:: The task ::
With the images removed, repeat the data below exactly.

:: Recorded data ::
::::::::::

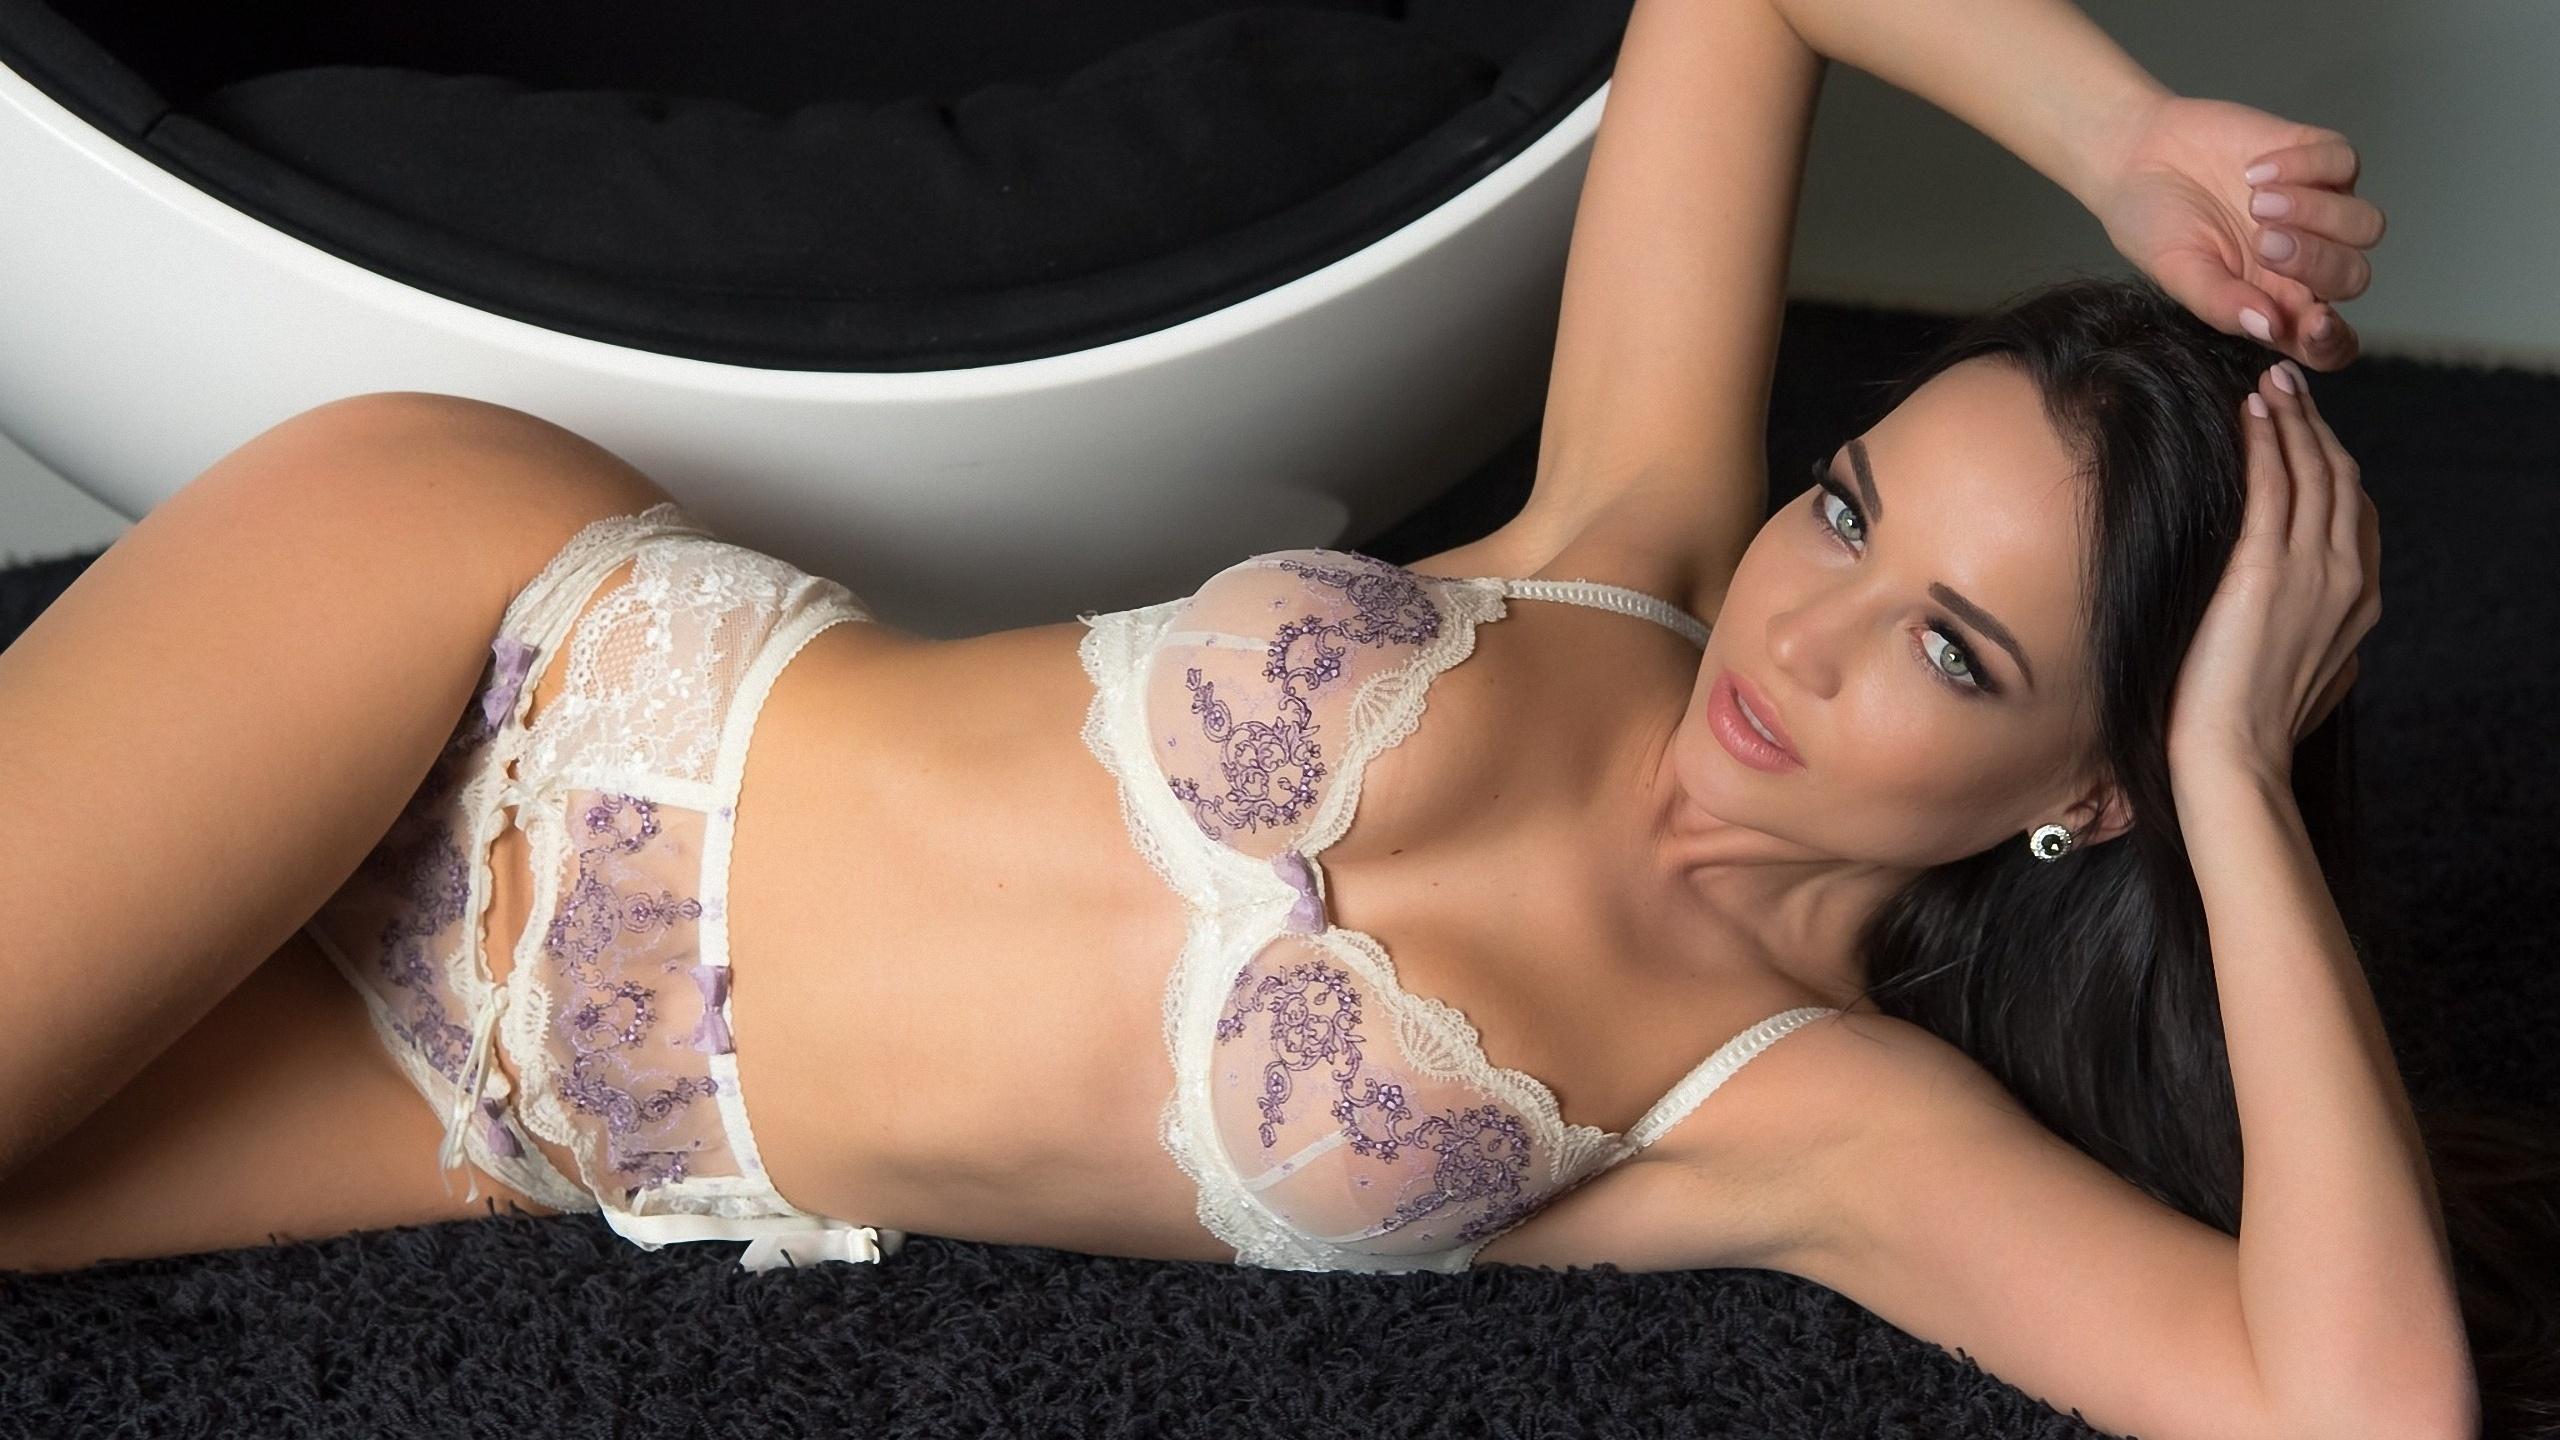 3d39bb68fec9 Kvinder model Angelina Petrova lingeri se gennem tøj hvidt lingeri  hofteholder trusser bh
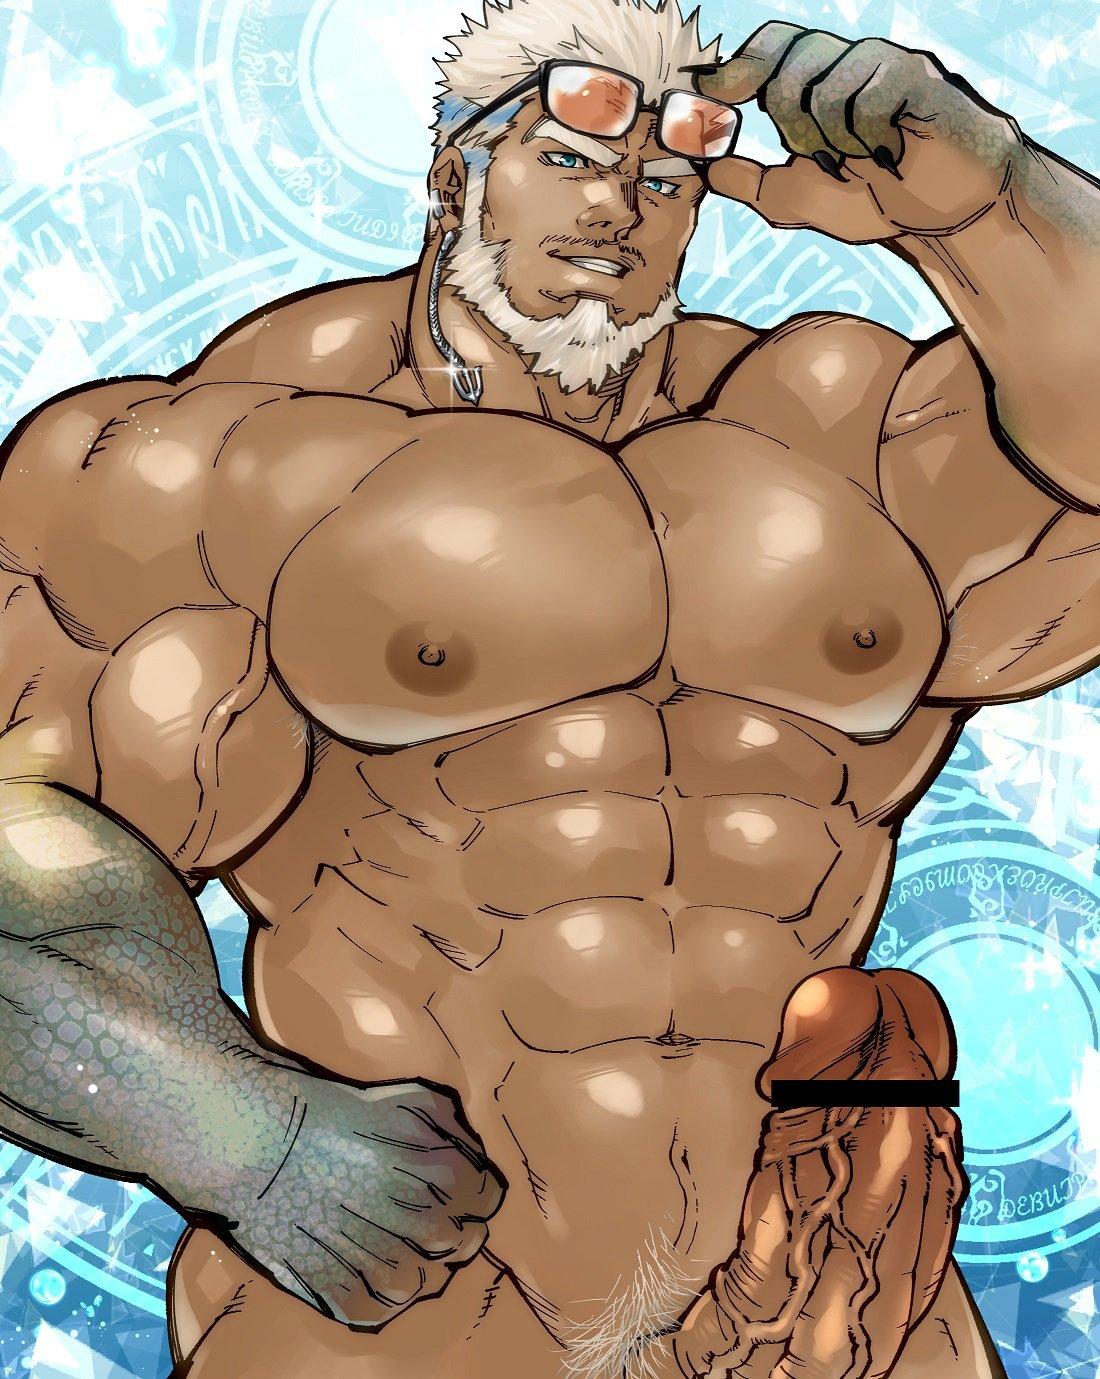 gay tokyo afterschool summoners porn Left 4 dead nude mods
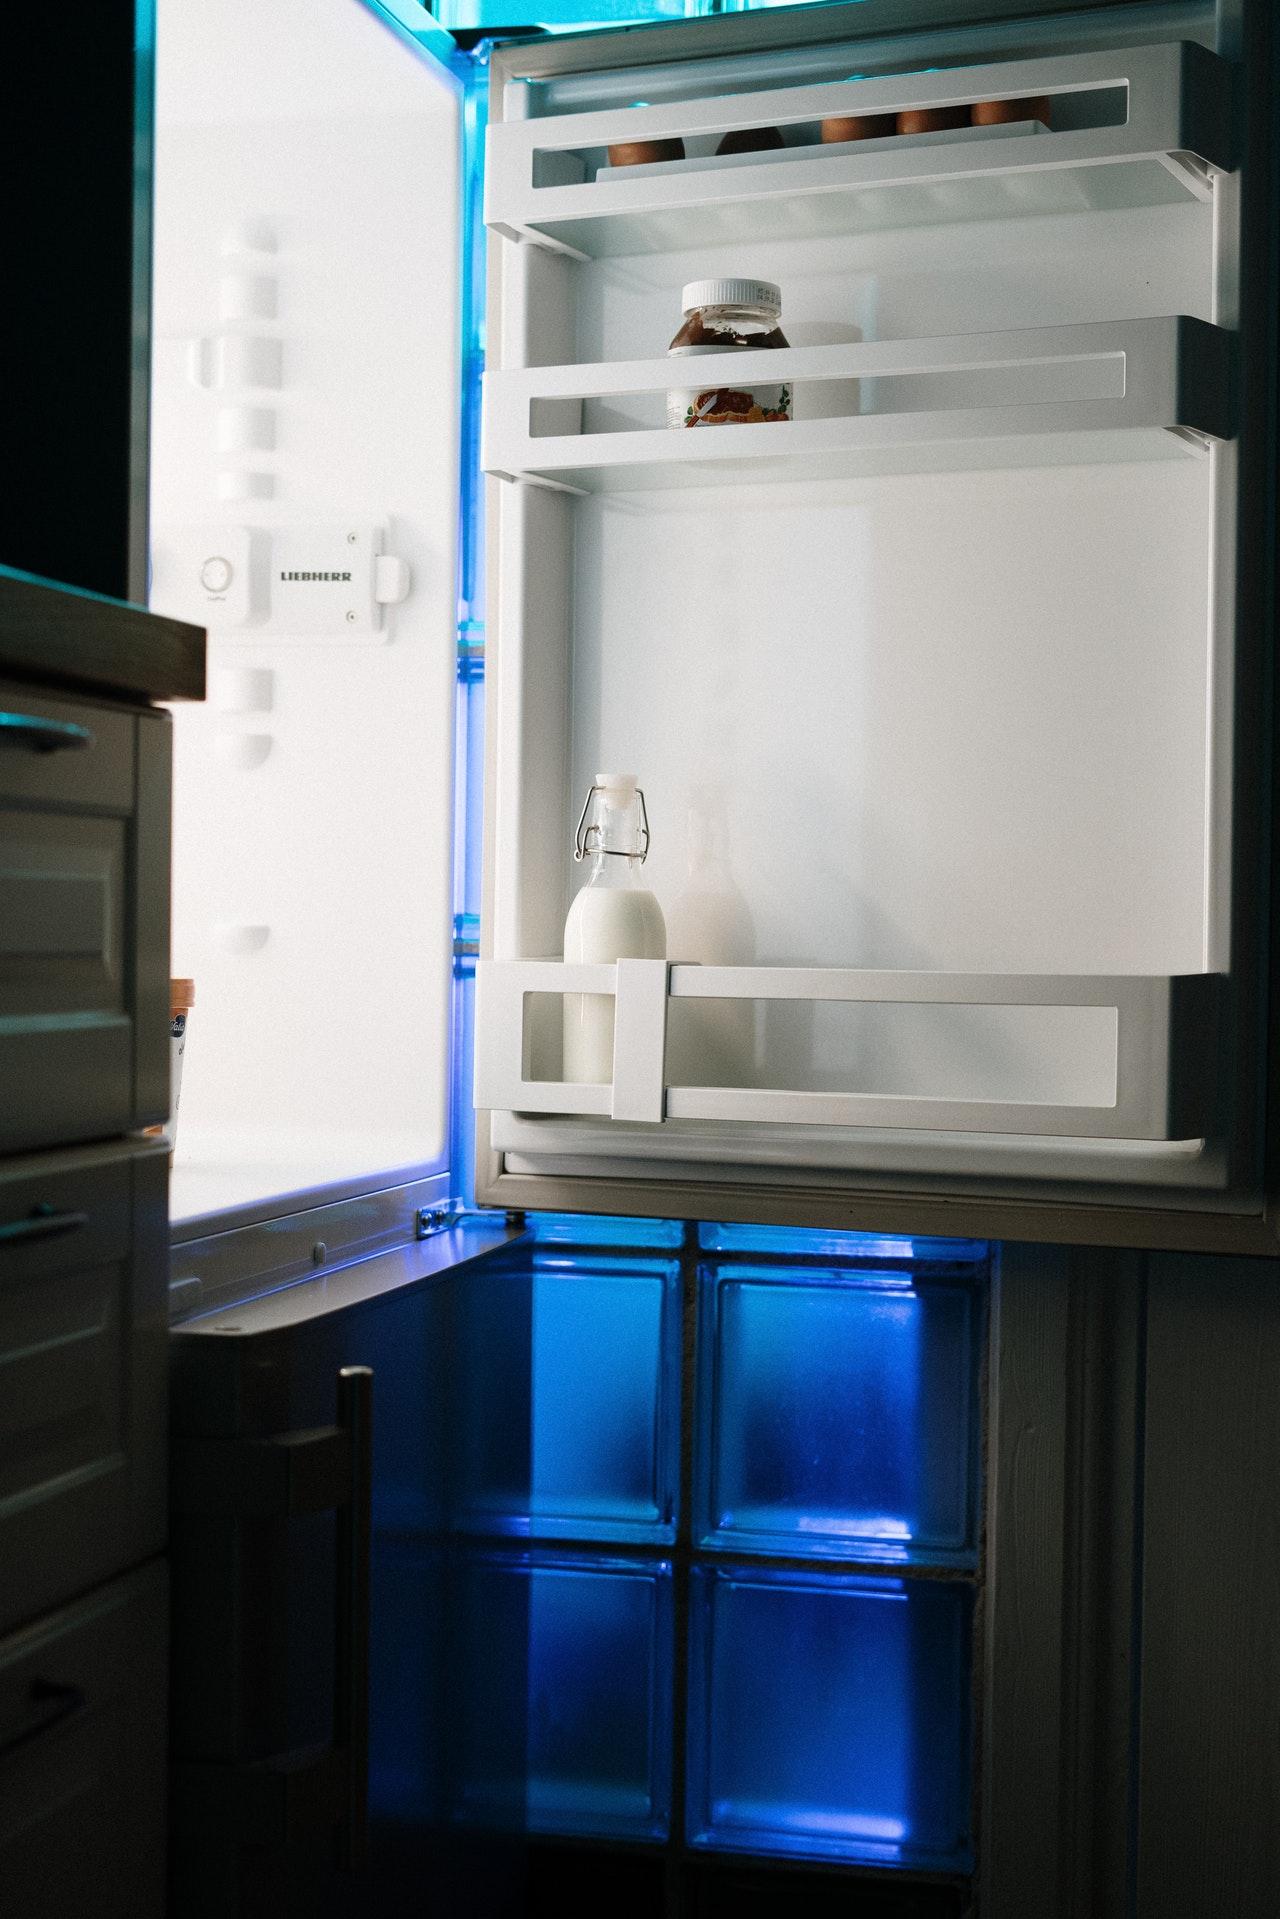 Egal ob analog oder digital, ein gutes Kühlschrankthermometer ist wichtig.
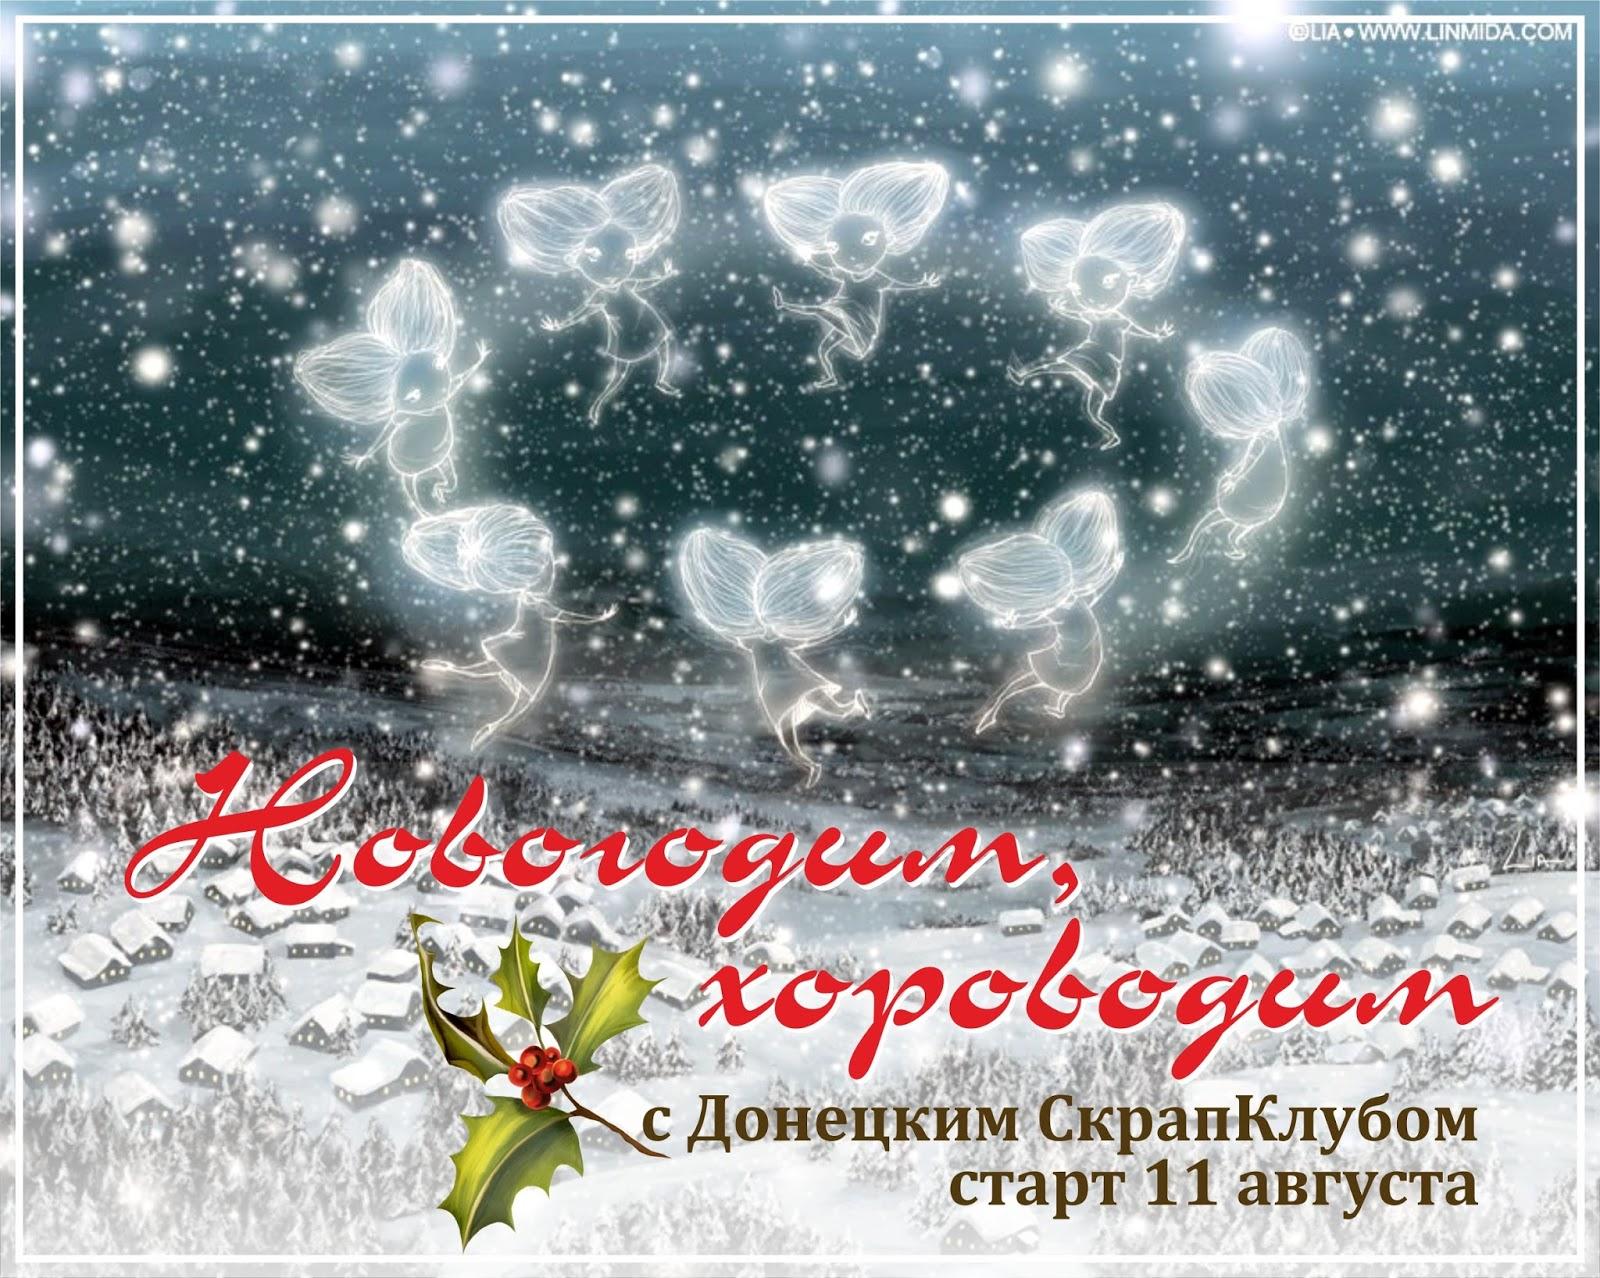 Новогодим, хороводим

::::::::::

:: Exercise output ::
 3d39bb68fec9 Kvinder model Angelina Petrova lingeri se gennem tøj hvidt lingeri  hofteholder trusser bh
 gay tokyo afterschool summoners porn Left 4 dead nude mods
 Egal ob analog oder digital, ein gutes Kühlschrankthermometer ist wichtig.
 Новогодим, хороводим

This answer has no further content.